The Paper Plane: equal parts bourbon, Aperol, Nonino, and lemon juice, and 100% delicious

The Paper Plane: equal parts bourbon, Aperol, Nonino, and lemon juice, and 100% delicious

  • Sam Ross' classic Paper Plane, with equal parts bourbon, Aperol, Amaro Nonino, and lemon juice
  • The Applejack Old Fashioned from Julie Reiner, which replaces rye with applejack and sugar with maple syrup, and is basically autumn in a glass.

After-Dinner Drinks

Is there any meal that calls out for after-dinner drinks as much as Thanksgiving dinner? I'm gonna say no—which is why tomorrow will be the time when I pull out from my bar everything that's a dessert wine, a cordial, a liqueur, a digestif, or an amaro and let everyone choose their own adventure. There will also be tea, coffee, and hot chocolate for the non-tipplers, those whose livers start to cry uncle, or those who just want to mix things up a bit. 

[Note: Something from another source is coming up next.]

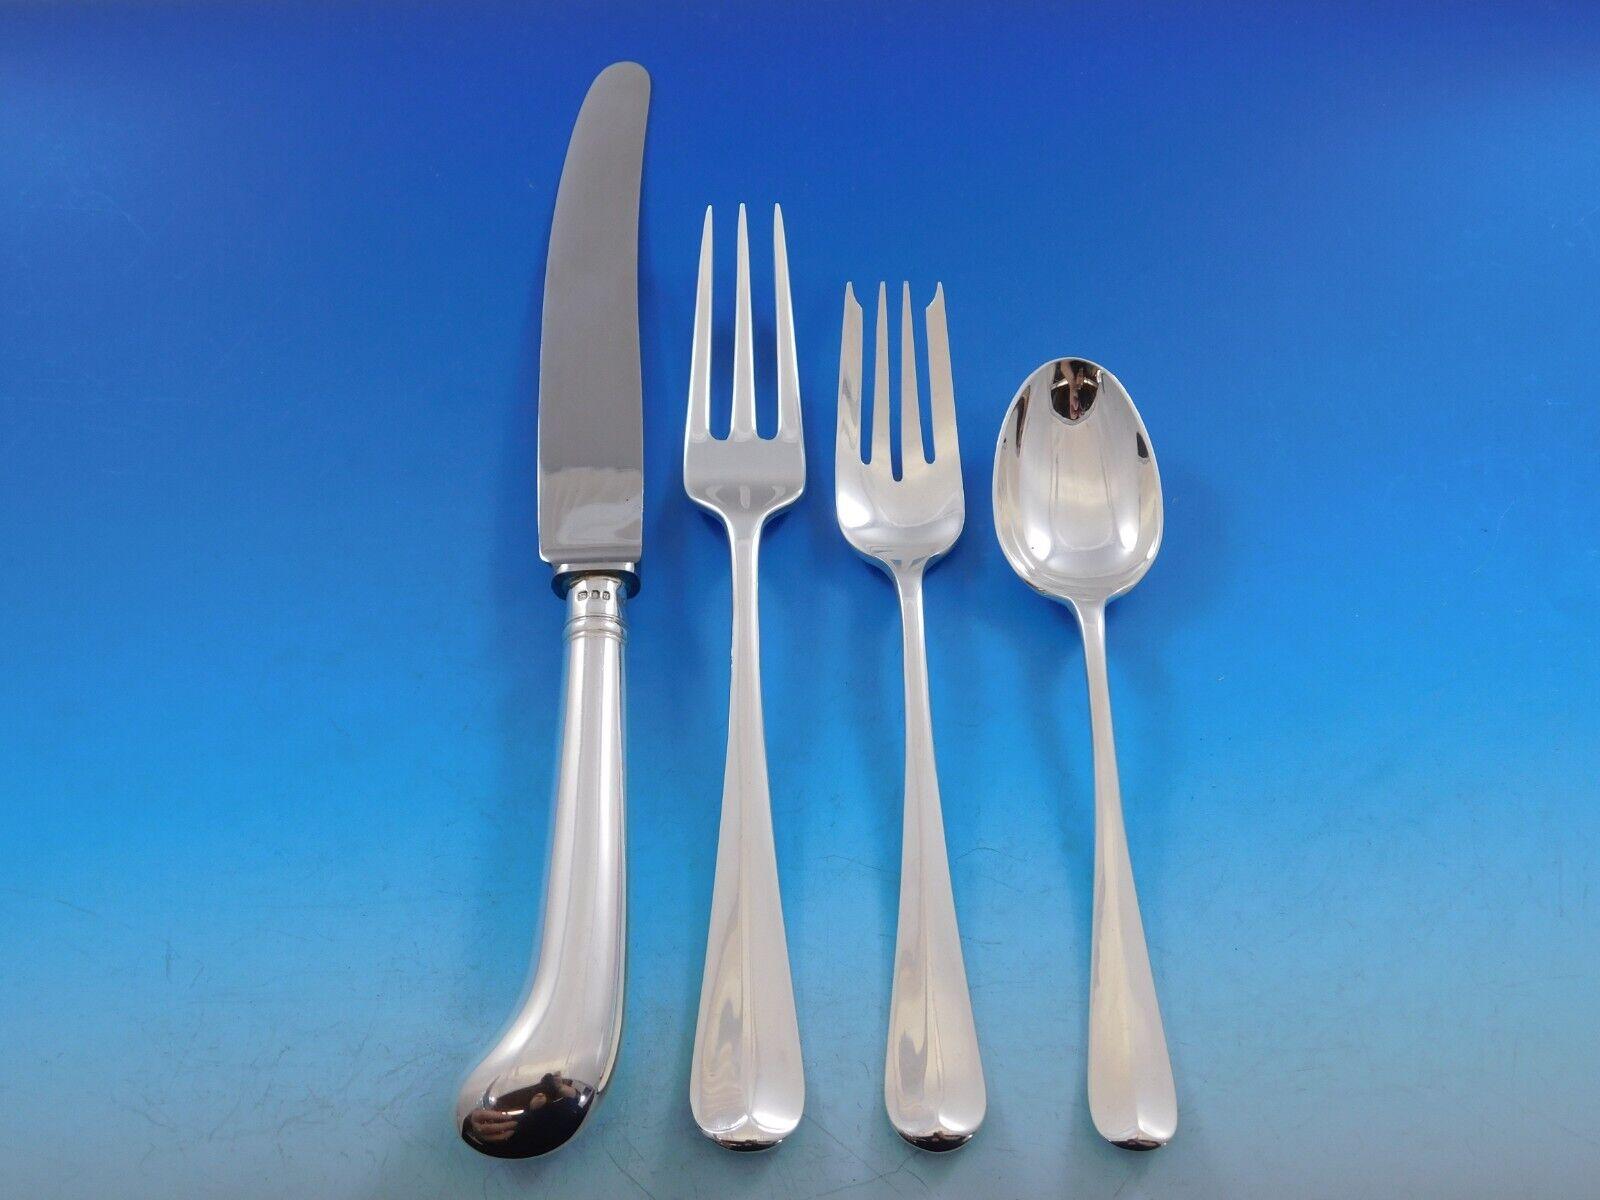 Monumental dinner and luncheon size Rattail by Tiffany & Co. sterling silver flatware set, 141 pieces. This set includes:

12 Dinner Size Knives, pistol grip, 9 7/8

2016 has been a doozy for many folks, so I'm even more excited than usual to be able to bring together a bunch of people I dig for a day of eating, drinking, talking, laughing, and generally being reminded that there's still plenty of awesome in the world. However you're celebrating tomorrow, I wish you a very happy Thanksgiving and plenty to be grateful for in the year ahead!